Dark Matter Relic Density Revisited: The Case For Early Kinetic Decoupling

TL;DR

This paper investigates the impact of early kinetic decoupling on dark matter relic density calculations, showing that more accurate methods can significantly alter abundance predictions in simple models.

Contribution

It introduces advanced methods for calculating dark matter relic density by including higher moments and full phase-space evolution, challenging the standard equilibrium assumption.

Findings

Relic density predictions can vary by up to an order of magnitude.

Early kinetic decoupling significantly affects dark matter abundance calculations.

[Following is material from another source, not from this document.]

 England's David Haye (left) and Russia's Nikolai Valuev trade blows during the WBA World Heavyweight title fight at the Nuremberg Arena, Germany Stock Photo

More precise treatments are necessary for accurate relic density estimates.

Abstract

Kinetic decoupling of dark matter typically happens much later than chemical freeze-out. In fact, local thermal equilibrium is an important assumption for the usual relic density calculations based on solving the Boltzmann equation (for its 0-th moment) describing the dark matter number density. But is this assumption always justified? Here we address this question and discuss the consequences of more accurate treatments. The first treatment is relying on the inclusion of higher moments of the Boltzmann equation and the second on solving the evolution of the phase-space distribution function fully numerically. For illustration, these methods are applied to the Scalar Singlet model, often referred to as the simplest WIMP DM possibility from a model-building perspective. It is explicitly shown that even in this simple model the prediction for the dark matter abundance can be affected by as much as one order of magnitude.